_Records supplied:_
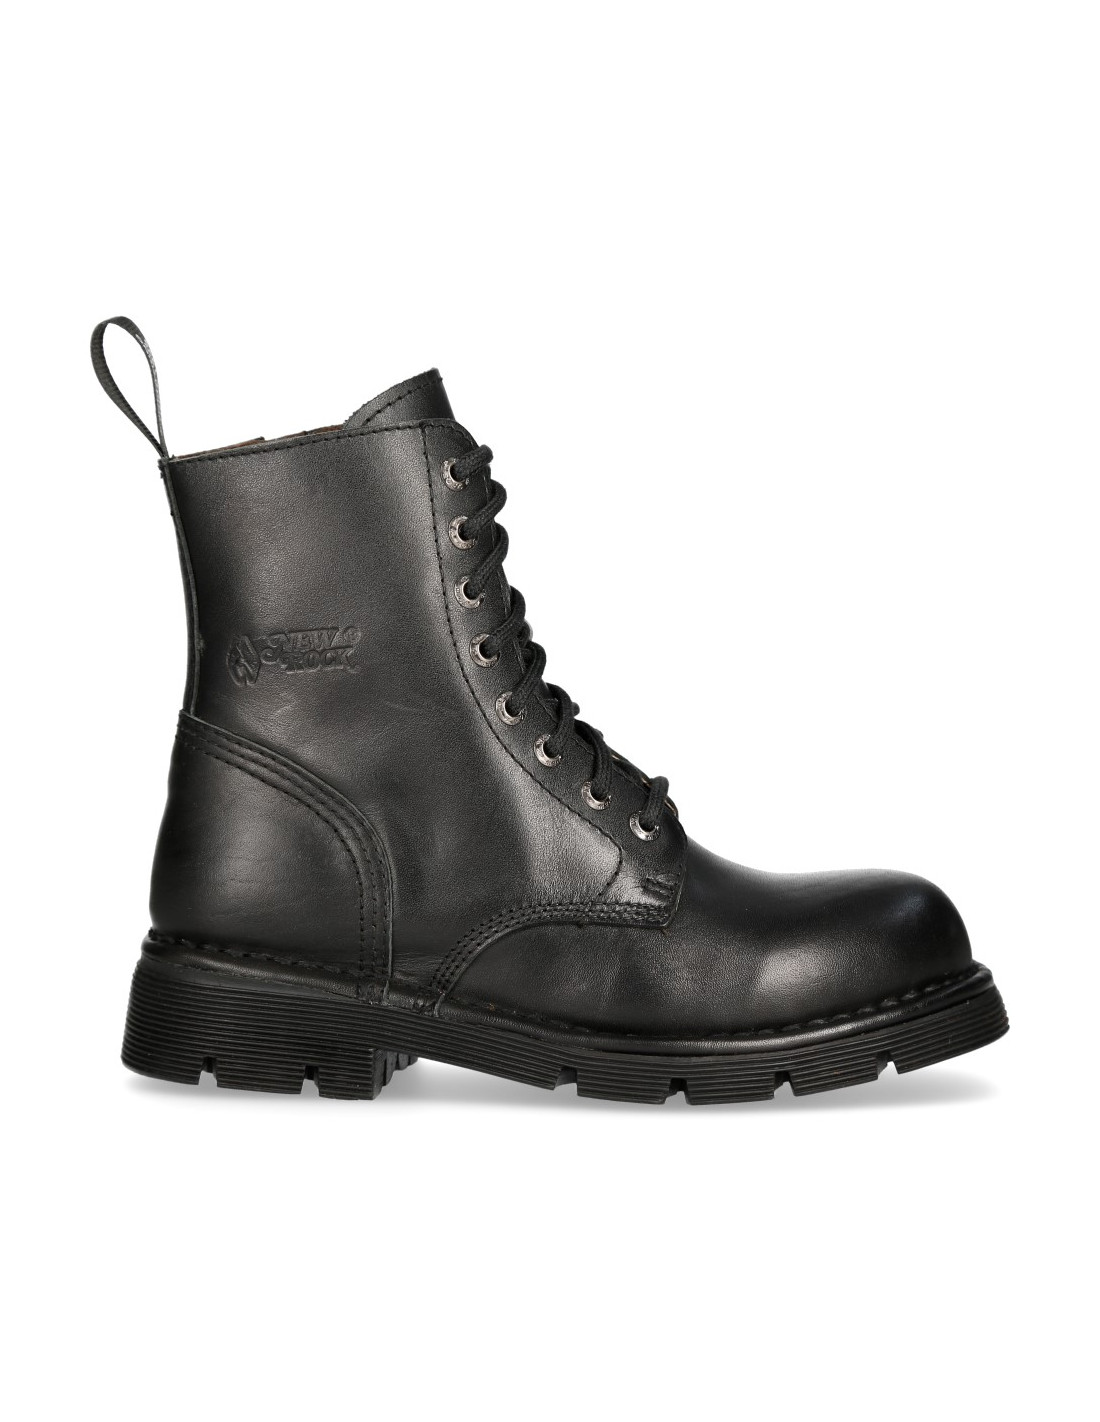 New Rock M.NEWMILI084-S1 Black Gothic Boots Military Unisex 8 Eyelet Shoes 
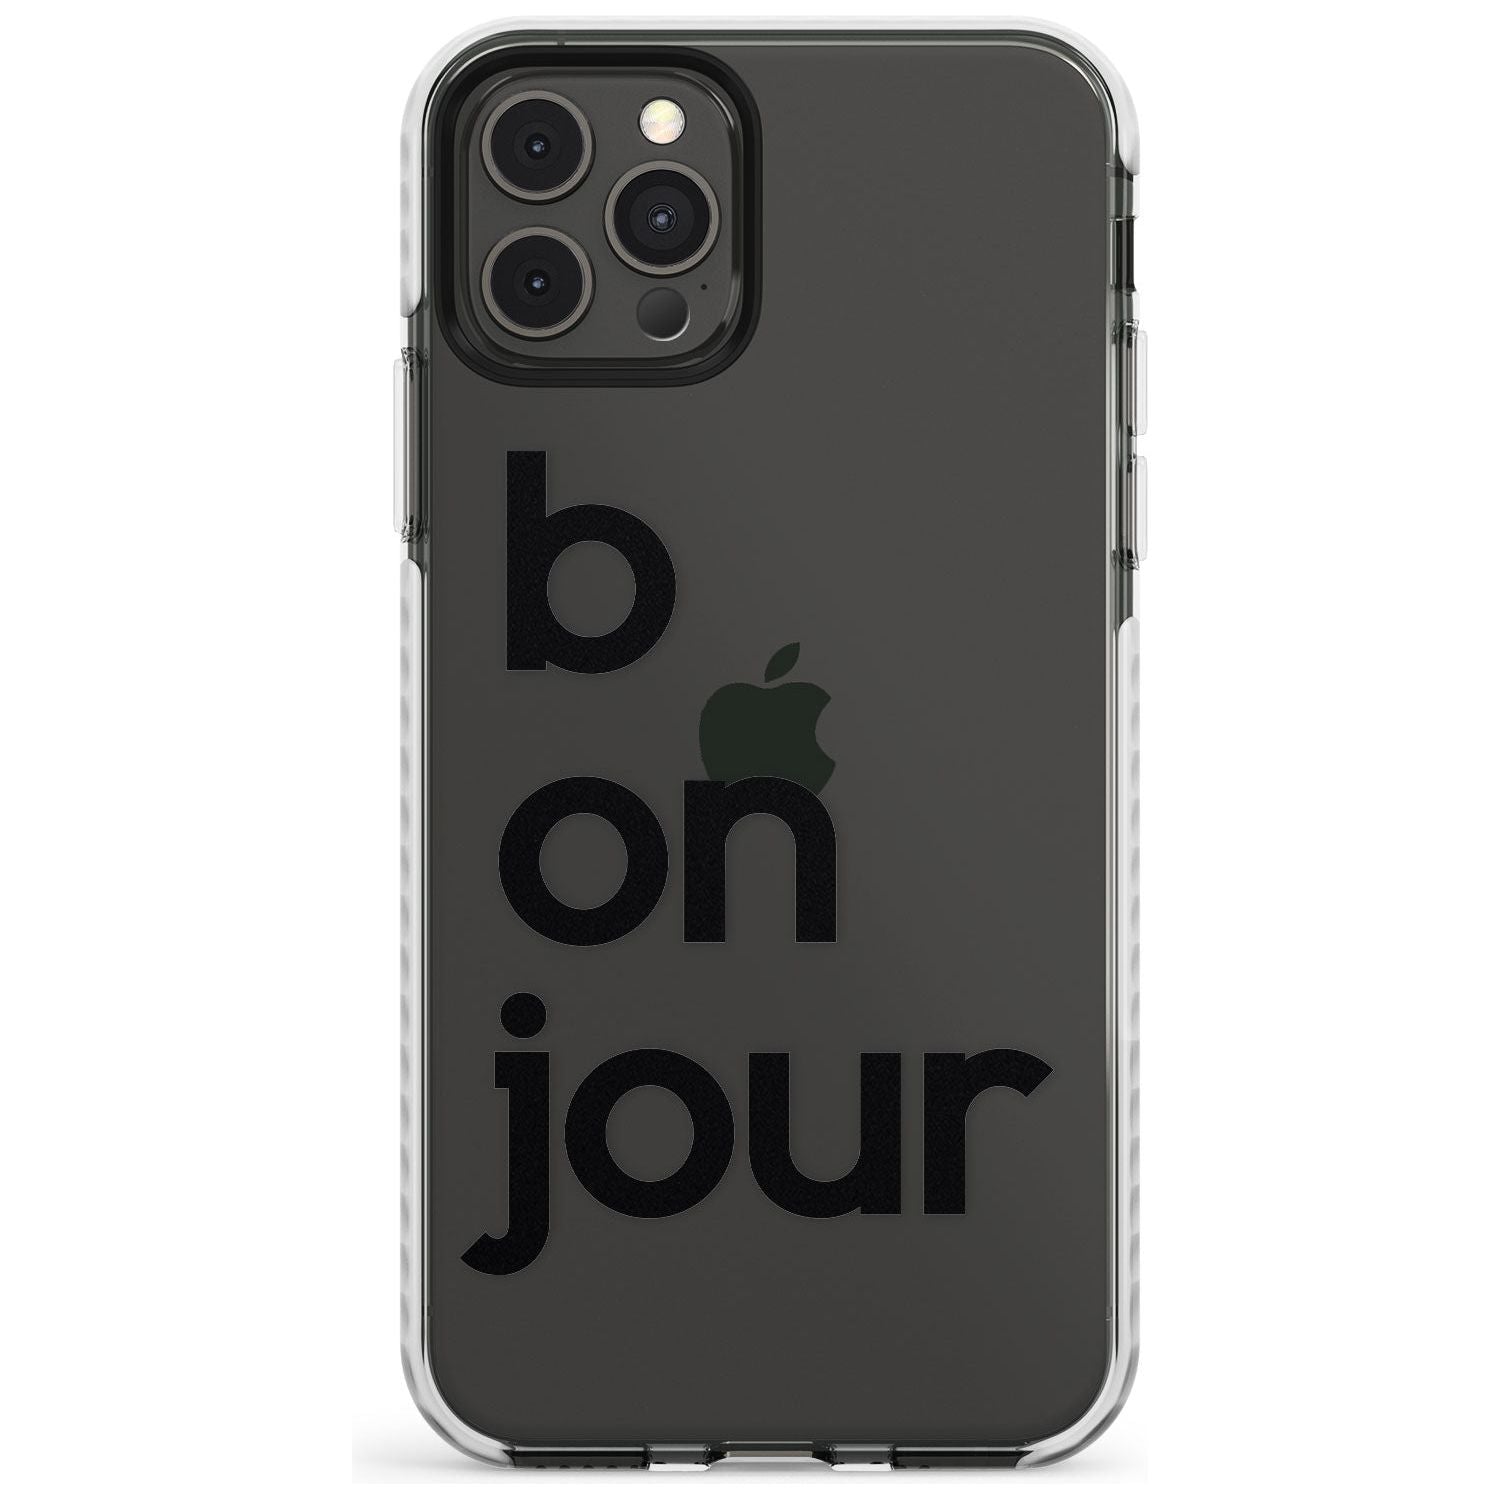 Bonjour Slim TPU Phone Case for iPhone 11 Pro Max
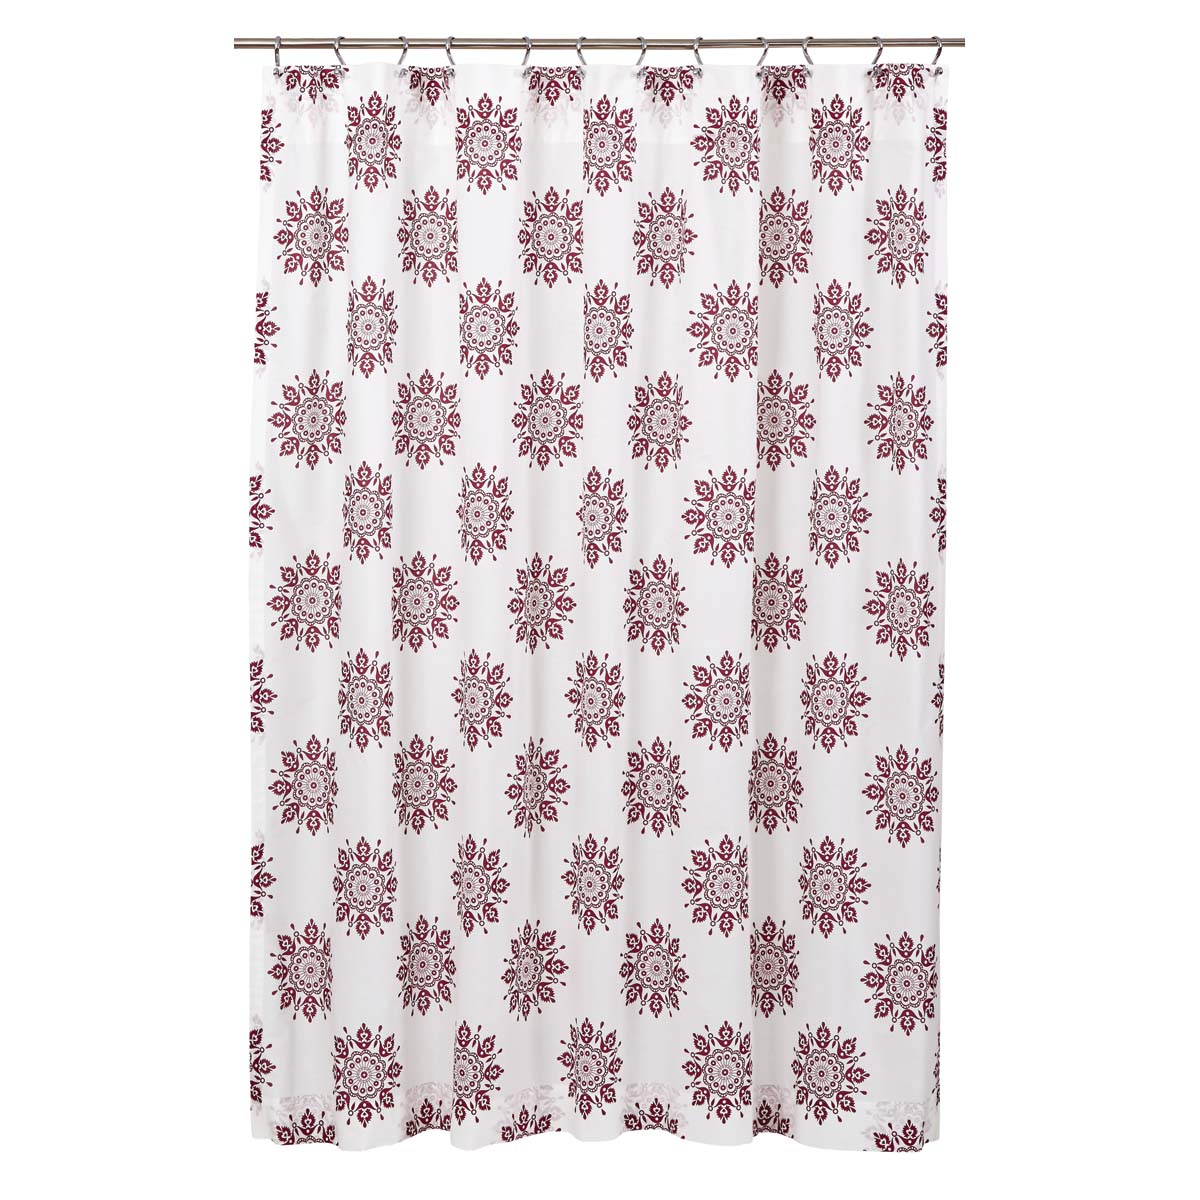 VHC Coastal 100% Cotton Fabric Shower Curtain Bath Room White Floral 72 x 72 
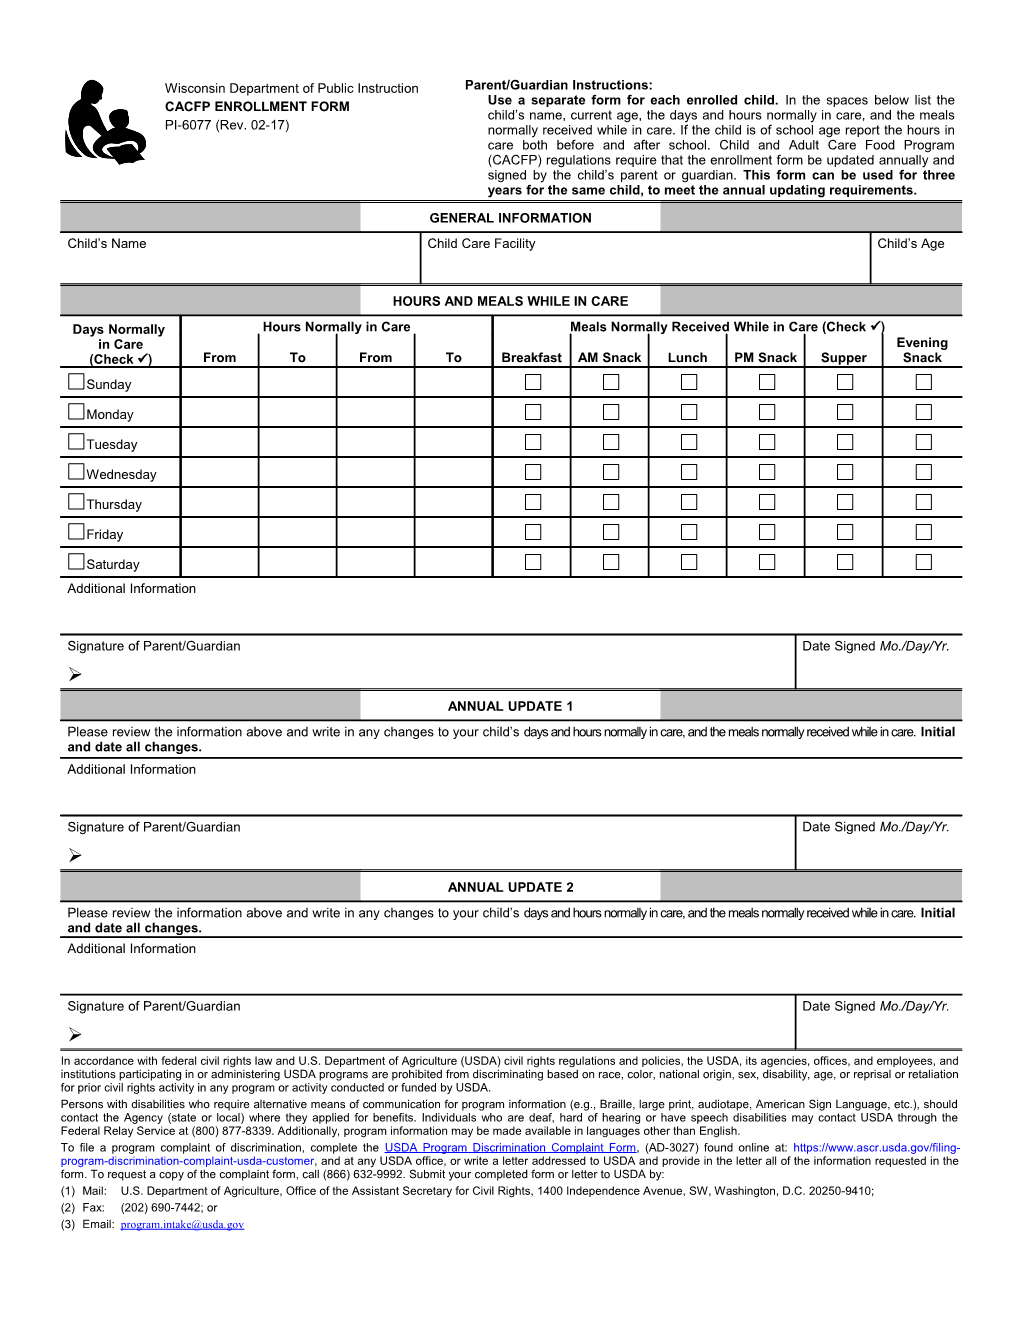 PI-6077 CACFP Enrollment Form
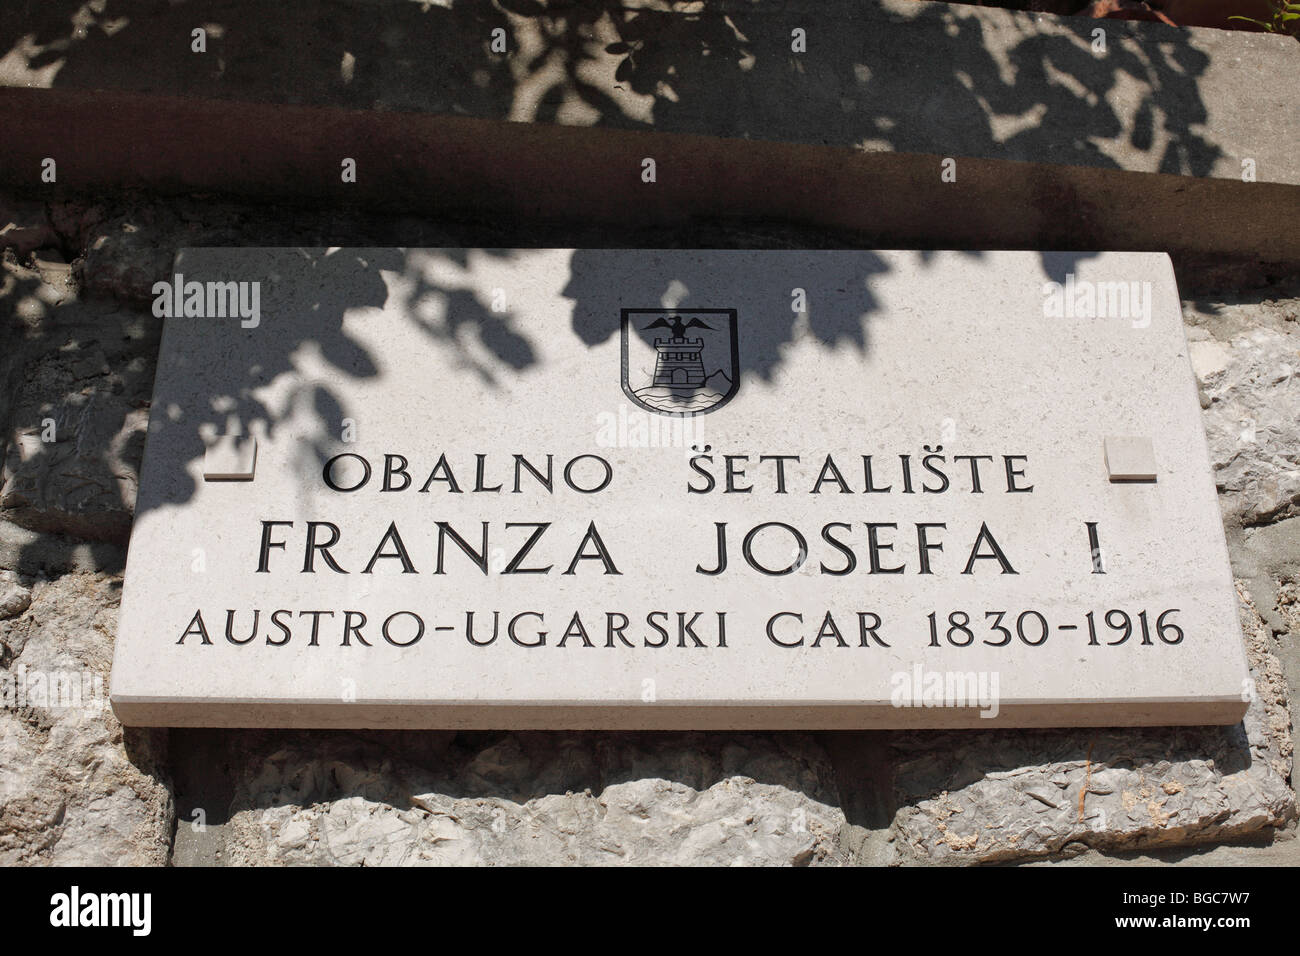 Gedenktafel an der Promenade Lungomare Obalno Setaliste habe Josefa I. Austro-Ugarski Auto 1830-1916, Opatija, Istrien, Kvarner Gu Stockfoto

_Description of the task:_
With the pictures left out, output exactly the lines from the one with "VHC Coastal 100%" through the end of the listing above, both ends included.

_Final answer:_
 VHC Coastal 100% Cotton Fabric Shower Curtain Bath Room White Floral 72 x 72 
 PI-6077 CACFP Enrollment Form
 Gedenktafel an der Promenade Lungomare Obalno Setaliste habe Josefa I. Austro-Ugarski Auto 1830-1916, Opatija, Istrien, Kvarner Gu Stockfoto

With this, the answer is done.